Immunopharmacology and Immunotoxicology
- Discipline: Immunology, pharmacology, toxicology
- Language: English
- Edited by: Anders Elm Pedersen

Publication details
- History: 1978–present
- Publisher: Informa Pharmaceutical Science (United Kingdom)
- Frequency: Bimonthly
- Impact factor: 1.203 (2014)

Standard abbreviations
- ISO 4: Immunopharmacol. Immunotoxicol.

Indexing
- ISSN: 0892-3973 (print) 1532-2513 (web)

Links
- Journal homepage; Online access;

= Immunopharmacology and Immunotoxicology =

Peer-reviewed journal

Immunopharmacology and Immunotoxicology is a bimonthly peer-reviewed medical journal that covers preclinical and clinical studies on the regulatory effects of various agents on immunocompetent cells, as well as the immunotoxicity exerted by xenobiotics and drugs. Hence, the journal encompasses a broad range of pathologies (e.g. acute and chronic infections, allergy, autoimmunity, cancer, degenerative disorders, inflammation, and primary and secondary immunodeficiencies).
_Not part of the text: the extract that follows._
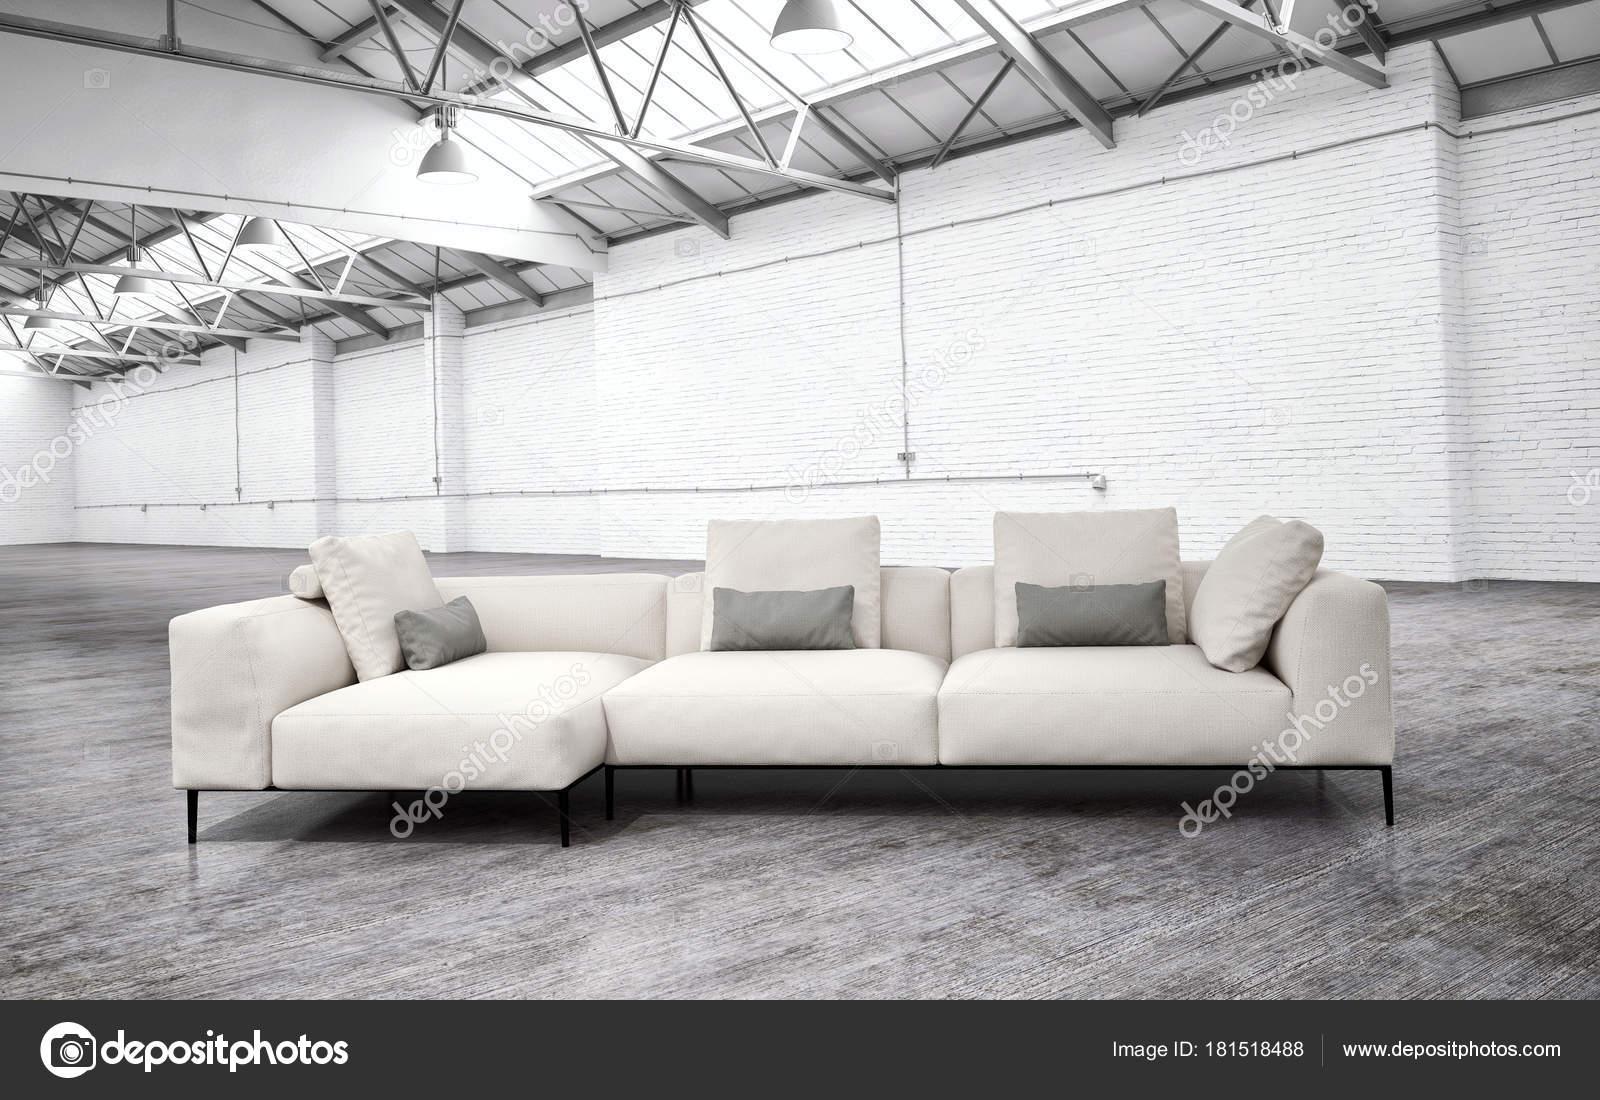 https://st3.depositphotos.com/15869754/18151/i/1600/depositphotos_181518488-stockafbeelding-moderne-interieurs-3d-rendering-illustratie.jpg

It is published by Informa.

== Editor-in-chief ==
The editor-in-chief of Immunopharmacology and Immunotoxicology is Anders Elm Pedersen, University of Copenhagen, Danmark.

== Impact factor ==
According to the Journal Citation Reports it received in 2014 an impact factor of 1.203, ranking it 133rd out of 148 journals in the category "Immunology", ranking it 204th out of 254 journals in the category "Pharmacology & Pharmacy" and ranking it 73rd out of 87 journals in the category "Toxicology".